All About Pipelines¶

PipeProjects¶

A pipeline project in LOST is defined as a folder that contains pipeline definition files in json format and related python3 scripts. Additional, other files can be placed into this folder that can be accessed by the scripts of a pipeline.

Pipeline Project Examples¶

Pipeline project examples can be found here: lost/backend/lost/pyapi/examples/pipes

Directory Structure¶

Example directory structure for a pipeline project.¶

my_pipeline_project/
├── an_ai_script.py
├── another_pipeline.json
├── another_script.py
├── a_pretrained_model_for_the_ai.md5
├── export_the_annos.py
├── my_pipeline.json
├── my_script.py
└── my_special_python_lib
    ├── __init__.py
    ├── my_magic_module.py
    └── utils.py

1 directory, 10 files

The listing above show an example for a pipeline directory structure. Within the project there are two pipeline definition files another_pipeline.json and my_pipeline.json. These pipelines can use all the scripts (an_ai_script.py, another_script.py, export_the_annos.py, my_script.py) inside the project folder. Some of the scripts may require a special python package you have written. So if you want to use this package (e.g. my_special_python_lib), just place it also inside the pipeline project folder. Sometimes it is also useful to place some files into the project folder, for example a pretrained ai model that should be loaded inside a script.
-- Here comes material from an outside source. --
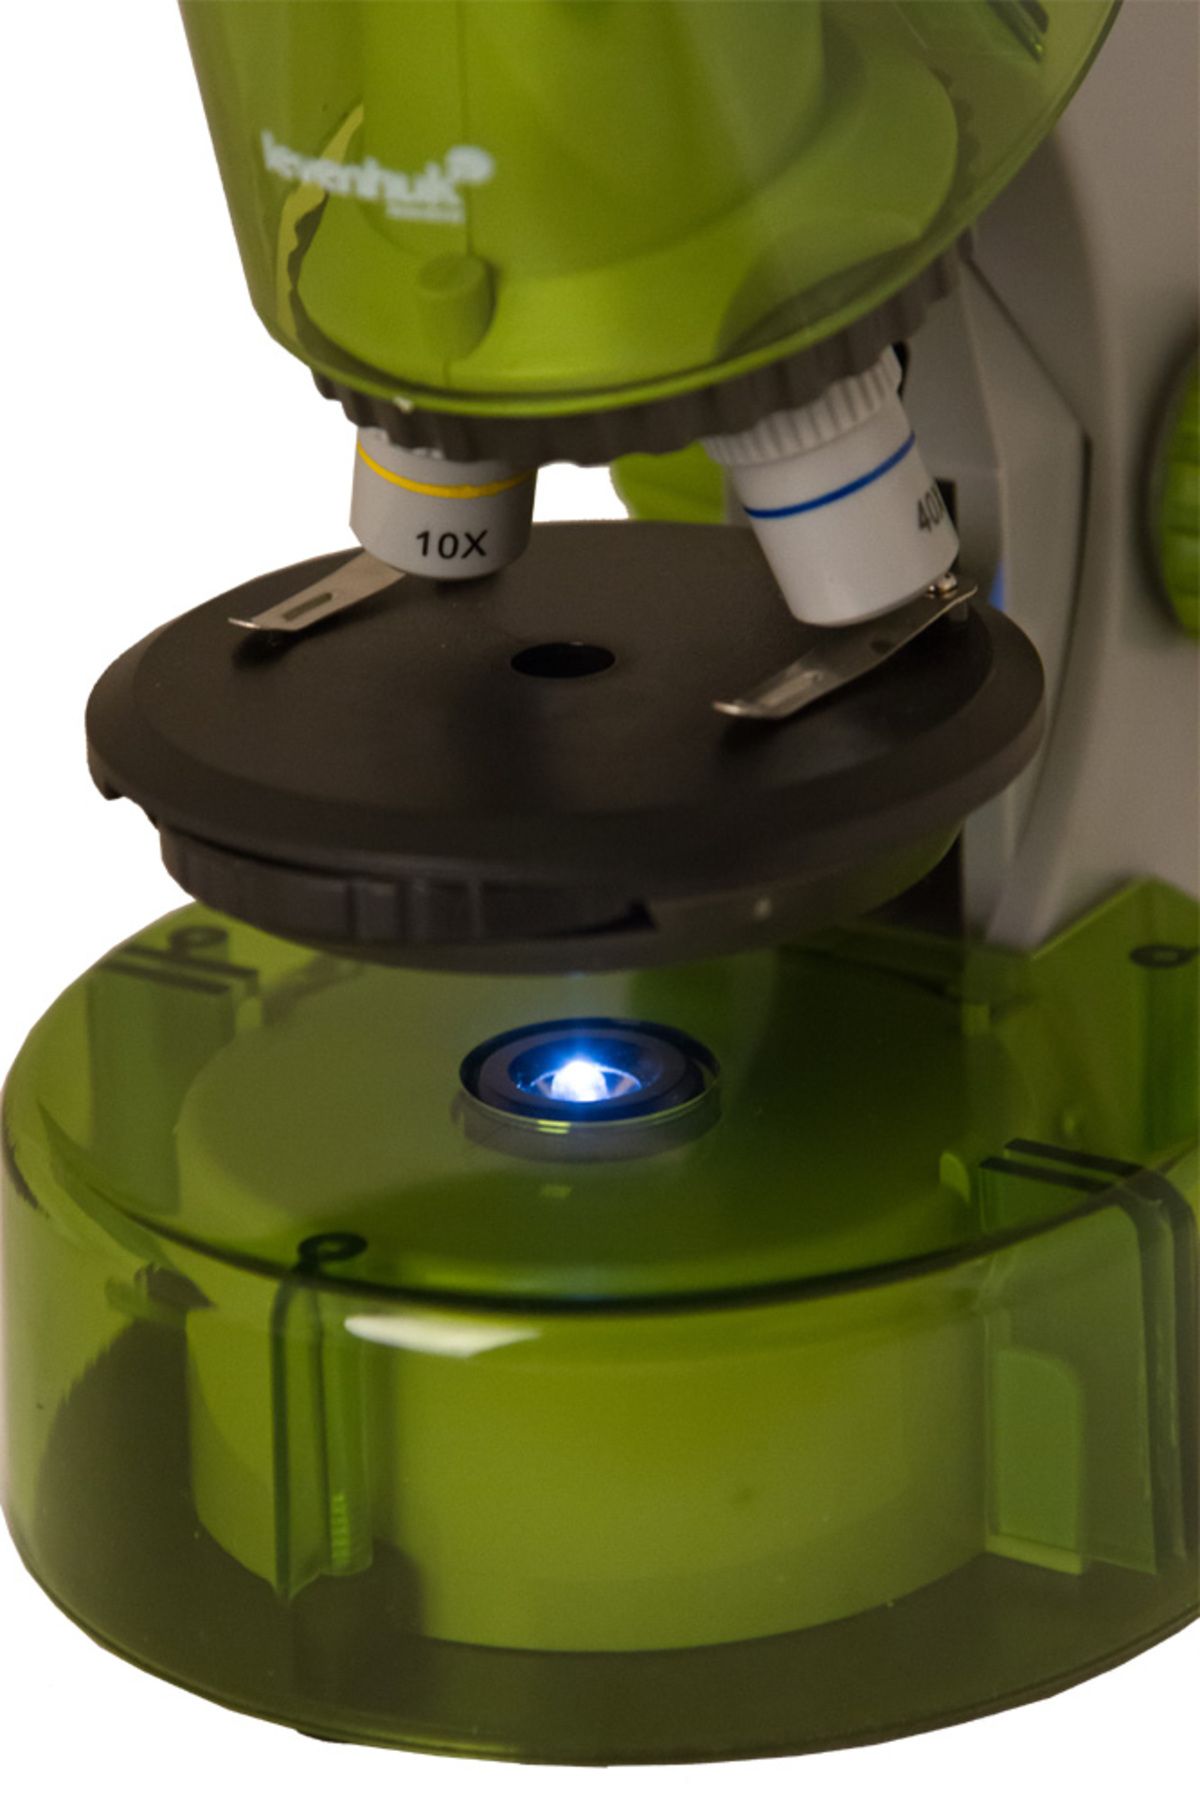 Genel Markalar Levenhuk Labzz M101 Lime/yeşil Limon Mikroskop (1243)

Importing a Pipeline Project into LOST¶

After creating a pipeline it needs to be imported into LOST. In order to do that we need to copy the pipeline project folder into the lost_data_folder/my_data in your/host file system e.g:

# Copy your pipe_project into the LOST data folder
cp -r my_pipe_project path_to_lost_data/my_data/

Every file that is located under lost_data_folder will be visible inside the lost docker container. Now we will login to the container with:

# Log in to the docker container.
# If your user is not part of the docker group,
# you may need to use *sudo*
docker exec -it lost bash

After a successful login we can start the pipeline import. For this import we will use the lost command line tools. To import a pipeline project we use a program called import_pipe_project.py. This program expects the path to the pipeline project as argument.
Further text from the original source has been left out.